**** Data extract

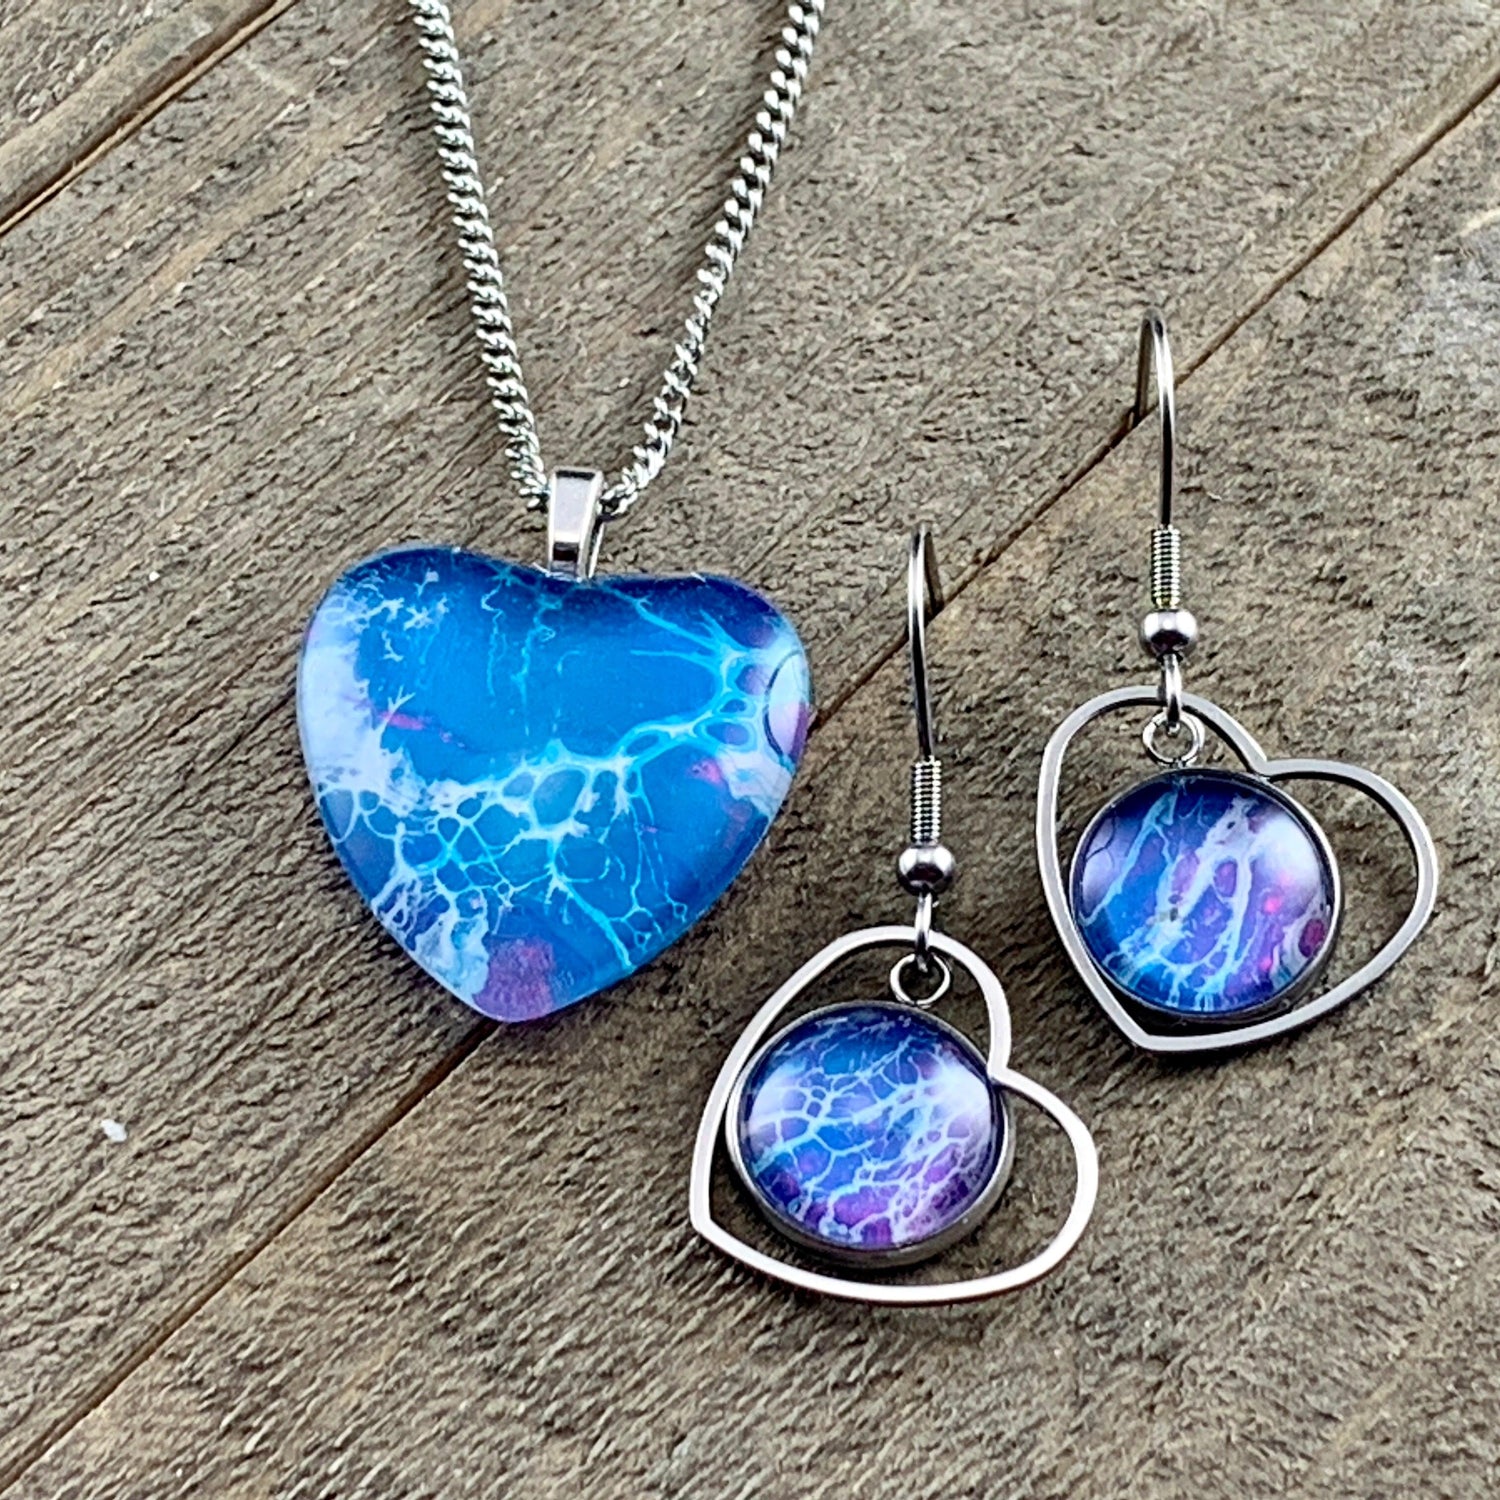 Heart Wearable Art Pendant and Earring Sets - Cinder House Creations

********
**** Data extract

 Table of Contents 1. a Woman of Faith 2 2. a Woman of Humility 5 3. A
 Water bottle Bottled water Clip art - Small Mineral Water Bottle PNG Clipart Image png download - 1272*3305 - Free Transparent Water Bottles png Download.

********

→ **Your goal**
Where the data above reaches the line holding "Table of Contents", begin printing, and stop after the line holding "Water bottle Bottled". Each line must be reproduced exactly, with nothing else added.

→ **Completed exercise**
 Table of Contents 1. a Woman of Faith 2 2. a Woman of Humility 5 3. A
 Water bottle Bottled water Clip art - Small Mineral Water Bottle PNG Clipart Image png download - 1272*3305 - Free Transparent Water Bottles png Download.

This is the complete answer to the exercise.